Curiosités & Trésors (Septembre 2025)
Les Archives départementales conservent de précieux fonds iconographiques. On y retrouve des photographies, des cartes et plans, des affiches, des dessins, des gravures...
Selon le Dictionnaire de terminologie archivistique.doc (francearchives.gouv.fr) :
- les documents figurés (ou iconographiques) sont des "Documents composés essentiellement d'images fixes comportant un élément de dessin, de figuration graphique ou photographique."
- les documents photographiques sont des "Documents sur support photographique, incluant les diapositives, les négatifs, les épreuves, voire les documents s'y rapportant".
- les documents cartographiques concernent "les cartes et plans, quelle que soit leur échelle".
Au fur et à mesure des classements, des inventaires sont élaborés et rendus disponibles en ligne.
Tous les mois, les Archives départementales du Gard vous proposent de découvrir des documents originaux et uniques extraits de leurs fonds iconographiques. Les "Curiosités & Trésors" du mois vous sont présentés.
Septembre 2025
+ d'infos : Une eau-forte de Frans Hogenberg (Arch. dép. du Gard : 5 Fi 45)
Ce mois-ci, nous vous présentons une estampe originale particulièrement rare, conservée dans le fonds 5 Fi des Archives départementales du Gard. Attribuée à un graveur flamand, cette œuvre illustre un épisode marquant de notre histoire locale : la Michelade.
Ce document iconographique remarquable nous est parvenu dans un excellent état de conservation. Il a été produit par le talentueux Frans Hogenberg (1535-1590), à la fois dessinateur, graveur, cartographe et éditeur. L’originalité de son œuvre a notamment inspiré Pieter Bruegel l’Ancien, célèbre pour ses scènes populaires flamandes. Hogenberg appartenait à une famille de graveurs renommée, active en Europe du Nord et en France. Il réalisa notamment les gravures du premier atlas de vues de villes de la Renaissance, le Theatrum orbis terrarum, ou Théâtre des cités du Monde, ouvrage remarquable publié en 1570, traduit en plusieurs langues et réédité plus de trente fois !
Cette très belle épreuve — dont il existe une version en couleur (aquarellée à la main), conservée à la Bibliothèque nationale de Paris — reprend les codes iconographiques de l’atelier d’Hogenberg : on y retrouve, comme souvent, un cartouche en marge inférieure comportant des explications en allemand évoquant le contexte historique, accompagné, en-dessous, d’une mention de la date.
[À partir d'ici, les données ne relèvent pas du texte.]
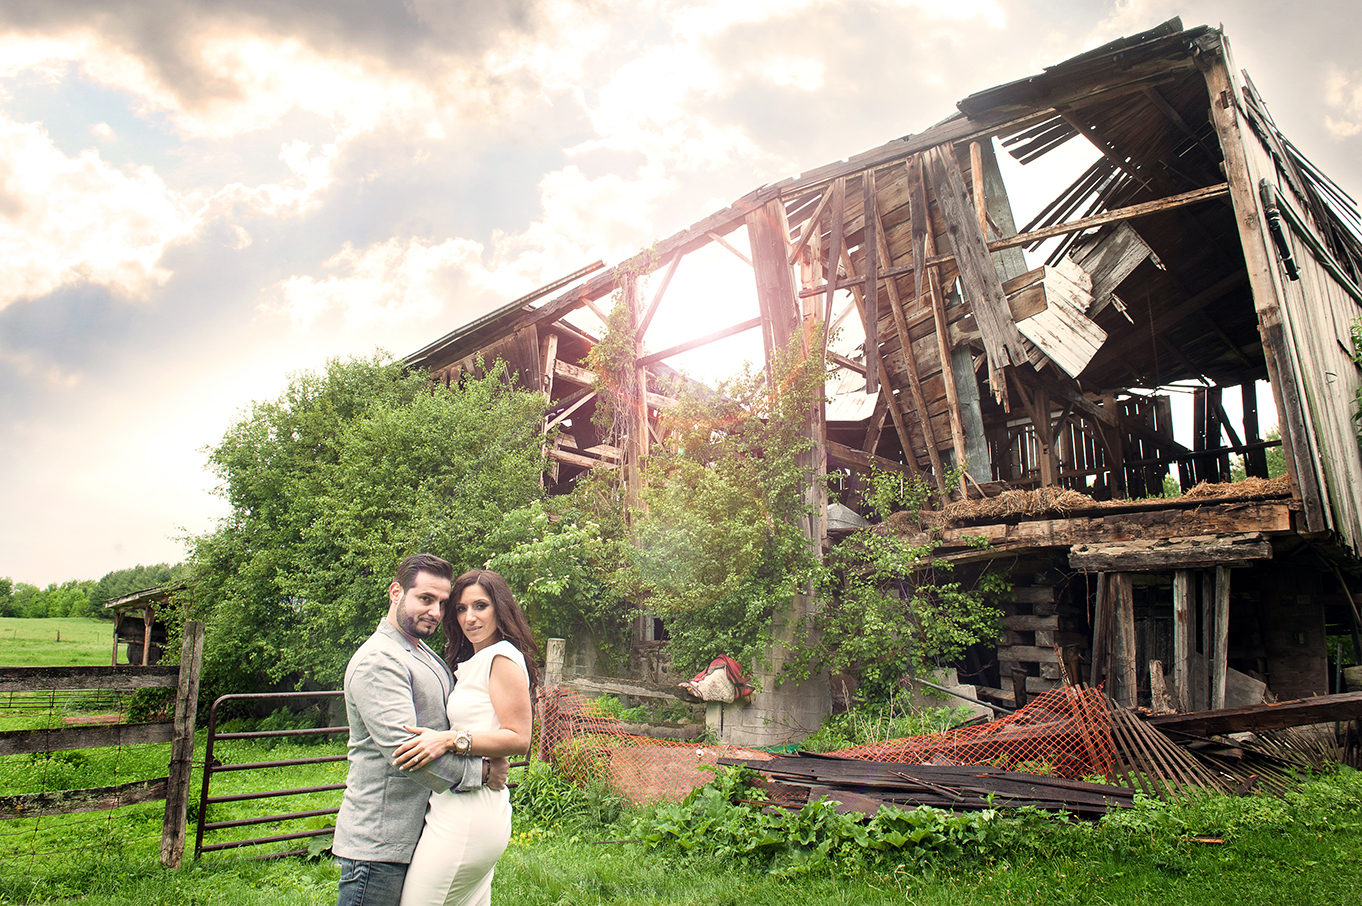 Marisa&Donato_Engagement-125.jpg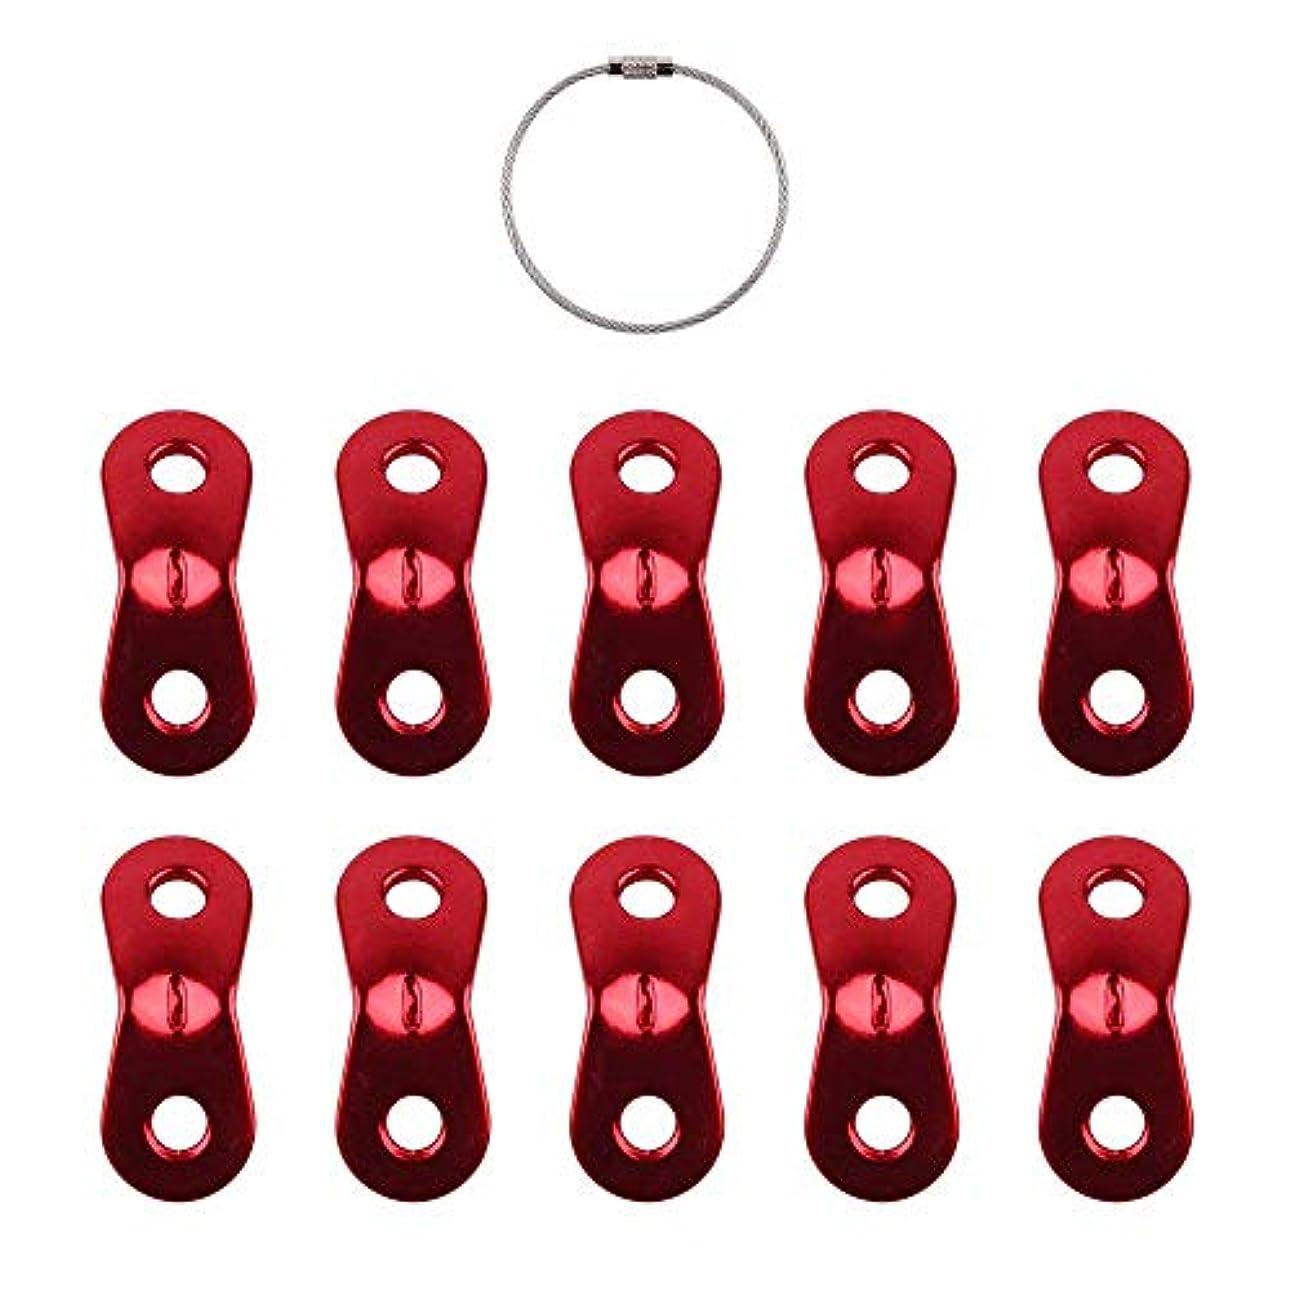 裁定割合聴くアルミ自在金具ロープテンショナー頑丈で優れた耐久性 しっかりに固定可能 取り付け簡単10個セット

L’atelier d’Hogenberg, composé de nombreux élèves et assistants, proposait une production très diversifiée : scènes fantastiques, allégoriques, humoristiques, mais aussi des représentations de l’actualité, les fameuses Geschichtsblätter ou « feuilles d’histoire », souvent sensationnalistes et extrêmement populaires. Publiées à l’unité dès 1558, elles furent ensuite réunies pour former un exceptionnel recueil contenant au total 71 planches dont 34 planches documentent les guerres de Religion en France. C’est donc dans un ouvrage de grand format oblong, luxueusement relié, que fut présentée cette gravure de la Michelade, la cinquantième ; elle n’est pas signée puisqu’appartenant à un recueil. Notre exemplaire, imprimé plus tardivement s’en distingue légèrement : il ne porte pas le numéro 50 mais présente, sur l’épreuve, des lettres capitales de A à G renvoyant à une légende — aujourd’hui disparue — détaillant la scène.
Le rôle de la gravure au XVIe siècle dans la diffusion des événements d’actualité fut déterminant, d’autres graveurs de renom s’attachèreront encore à représenter la Michelade. Au milieu du XVIIIe siècle, dans son Histoire civile, ecclésiastique et littéraire de la ville de Nismes avec les preuves, l’historien Léon Ménard reproduit en frontispice du Livre XVI, une copie inspirée de l’estampe d’Hogenberg, réalisée par une artiste qui signe Anna Fonbonne. Il est d’ailleurs extrêmement rare de trouver une femme graveur à cette époque. Cette variation dans la représentation graphique de l’événement illustre à la fois la permanence d’un sujet historique et la vitalité d’un modèle artistique originel.
Nous étudierons, sous un angle historique cette fois, cette autre gravure dans notre prochaine publication.